1. Jarome Iginla. The Flames have been putting off reality with their franchise player for at least a few years. Despite Iginla’s production they’ve both missed the playoffs and failed to replenish their youth. Unwilling to be the one to say goodbye, Iginla wouldn’t ask out of the declining fortunes of the franchise.
2. But with Iginla in his final season of a $7M per season deal and the Flames off to an 0-3-1 start, it won’t be long before it’s crying time on his file. Former NHLer Jeremy Roenick said as much this week. In a structured system, Iginla can still be a sniper, one who deserves a Cup to go with his Olympic gold medals. What will he fetch? Two years ago the haul would have been considerable. Now? Not so much. Iginla can still get his Cup, but the Flames missed the boat on cashing him in for real assets.
3. Roberto Luongo. The value for the veteran Vancouver goalie is going in the opposite direction from that of Iginla. As teams across the NHL see their goaltending falter in the first few games, his value is likely going up despite hardly playing. Toronto remains a viable landing spot, but Washington, Edmonton, Florida and yes, Philadelphia, might all be reassessing their netminding. Gillis says he’s holding out for the right deal. That time might finally be here.
4. Corey Perry / Ryan Getzlaf. The Ducks are off to a good start, but their two best players are headed to unrestricted free agency this summer if Anaheim can’t sign one or both of them. The Ducks are not one of the well-heeled franchises, and both will cost premium dollars over the long term. It’s not dissimilar to Nashville’s dilemma last summer with Ryan Suter, Pekka Rinne and Shea Weber all headed to UFA.

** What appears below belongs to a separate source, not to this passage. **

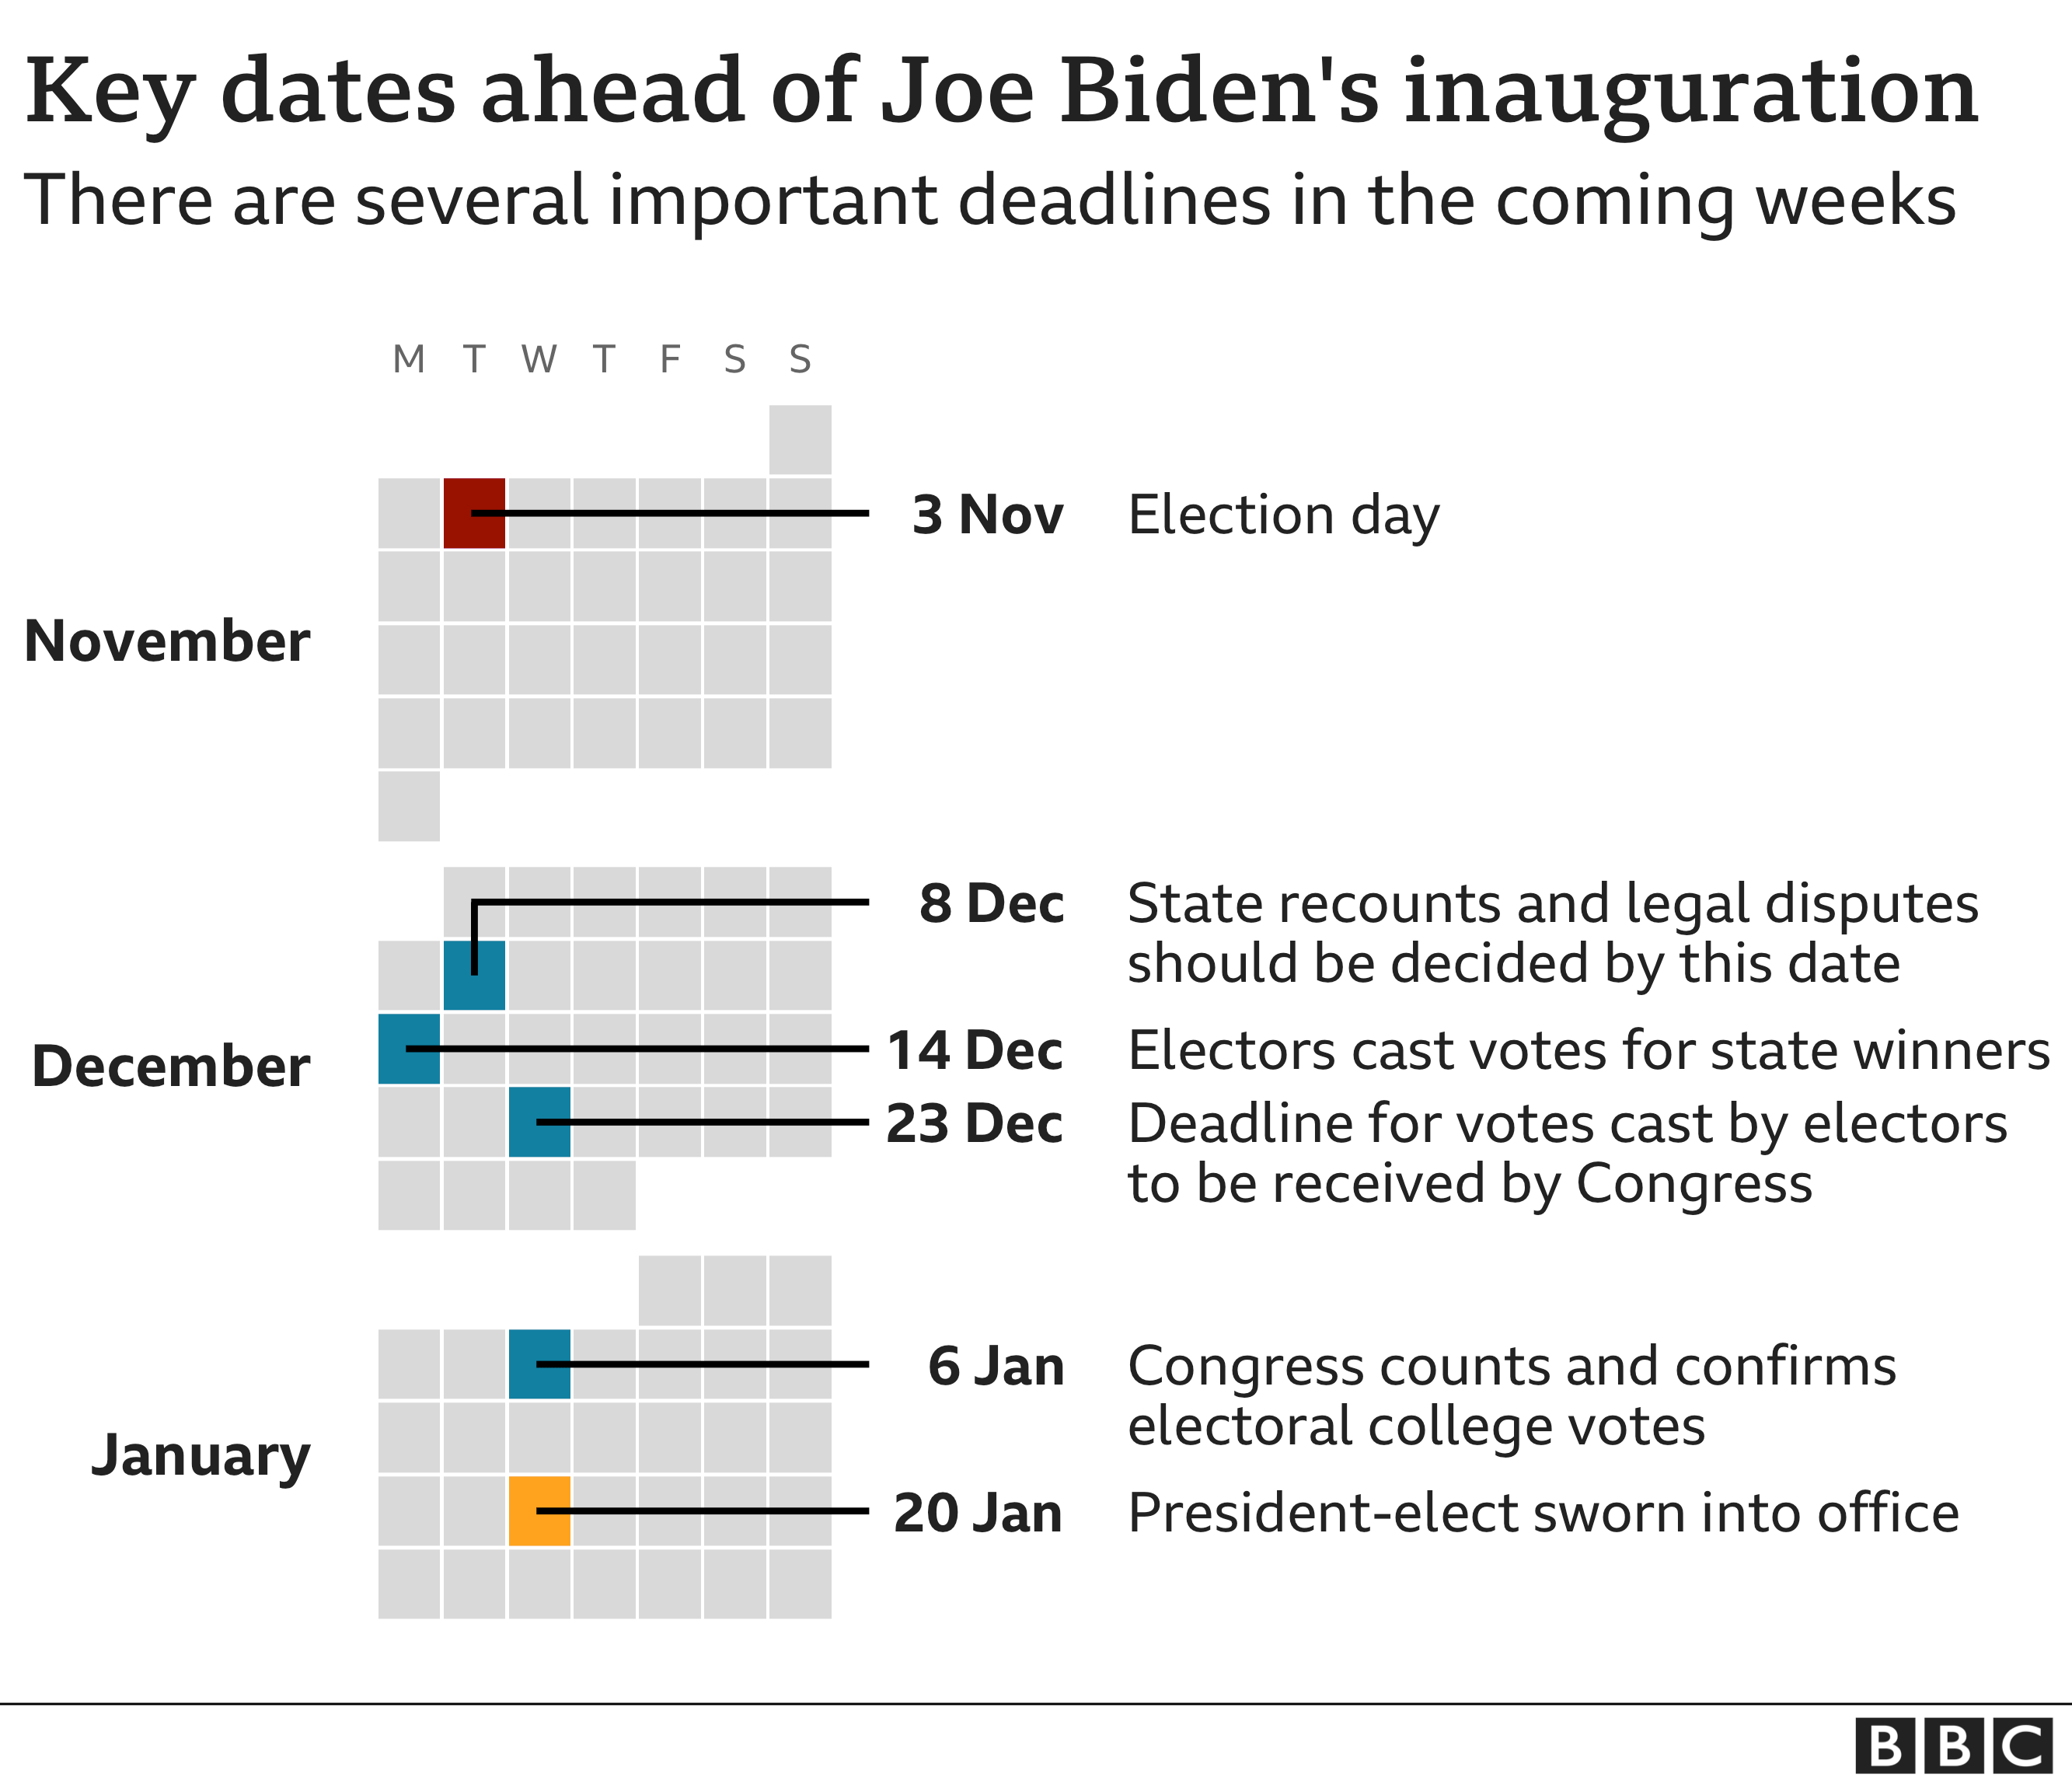 főbb dátumok Joe Biden beiktatása előtt
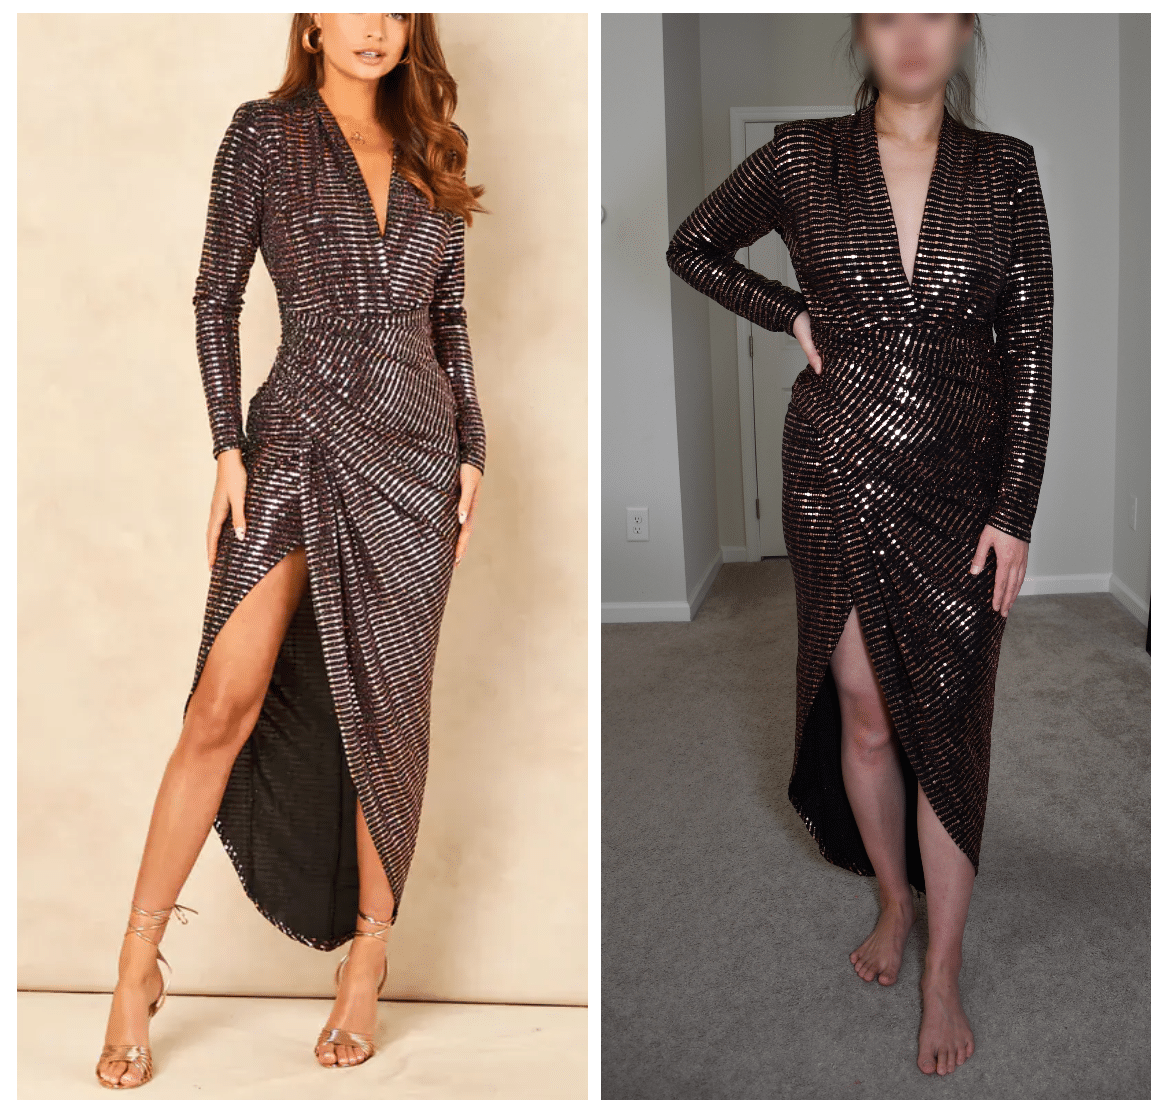 silkfred john zack sequin dress comparison

5. You can’t keep them all. Already, Toronto fans are panting abut parking the two under their wide-open salary cap structure. What should the Ducks do, make a run at a postseason berth or accept reality and deal one or both for what should be a motherlode? Very tough call.
Columbus showing promise
NBC TV’s Pierre McGuire says one team to watch out for is Columbus. “Maybe not this year,” McGuire told the Grind. “But they are finally headed in the right direction. Since John Davidson arrived they’ve been putting a lot of the right pieces in place. Ryan Johansen is going to be a player. Look out for them.”